Levenshtein distance is a common way of comparing strings, as the number of characters required to change to turn one string into another. Levenshtein距离是比较字符串的常用方法,作为将一个字符串转换为另一个字符串所需的字符数。 This question has several answers discussing how to turn that into a percentage. 这个问题有几个答案,讨论如何将其转化为百分比。

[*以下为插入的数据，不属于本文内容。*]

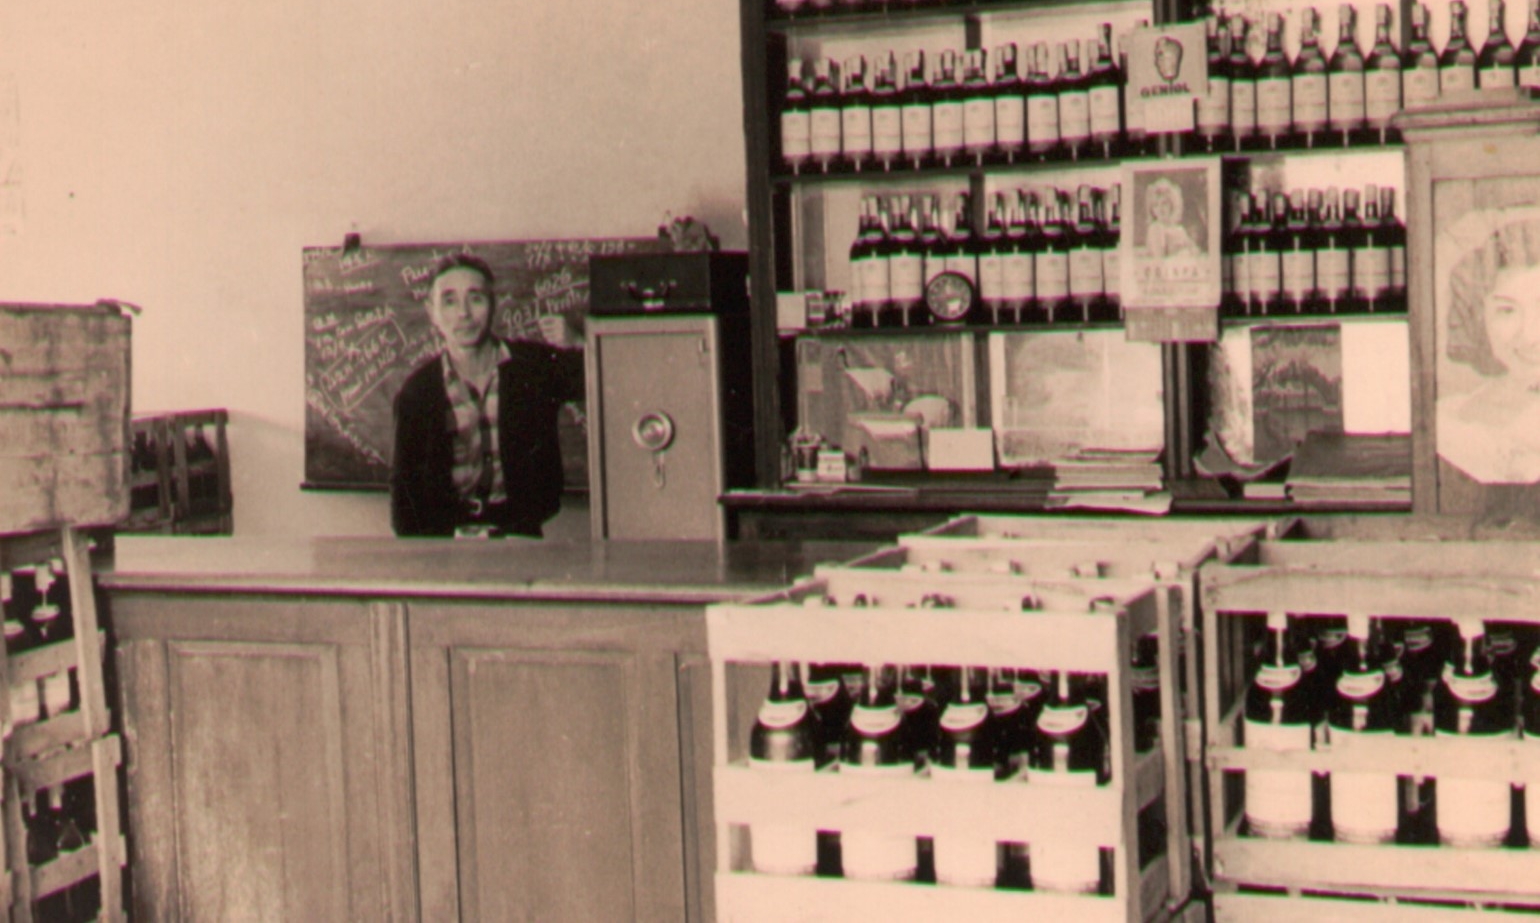 初代販売所内部。写真の人物は1958年より20年間販売所長（※）を務めた奈良米蔵氏

If you don't expect the strings to always come out in the same order, this answer suggests some algorithms used for DNA work. 如果你不希望字符串总是以相同的顺序出现,那么这个答案就会提出一些用于DNA工作的算法。
解决方案2
0 2017-01-04 13:06:35
Well it really depends.. My solution would be something like this: 嗯,这真的取决于..我的解决方案是这样的:
I would start with all the longest string possible and check if they are in the new string if original_string in new_string: 'something happens here'. 我会从所有最长的字符串开始,并检查它们是否在新字符串中, if original_string in new_string: 'something happens here'. that would be inside a loop that wld decrease the size of the original string and get all combinations possible. 这将是一个循环,它将减少原始字符串的大小,并使所有组合成为可能。 so the next one wld be N-1 long and have 2 possible combinations (cutting off the first number or the last number), and so on, until u get to a specific threshold, or to 1 long strings. 所以下一个将是N-1长并且有2种可能的组合(切掉第一个数字或最后一个数字),依此类推,直到你达到一个特定的阈值或1长的字符串。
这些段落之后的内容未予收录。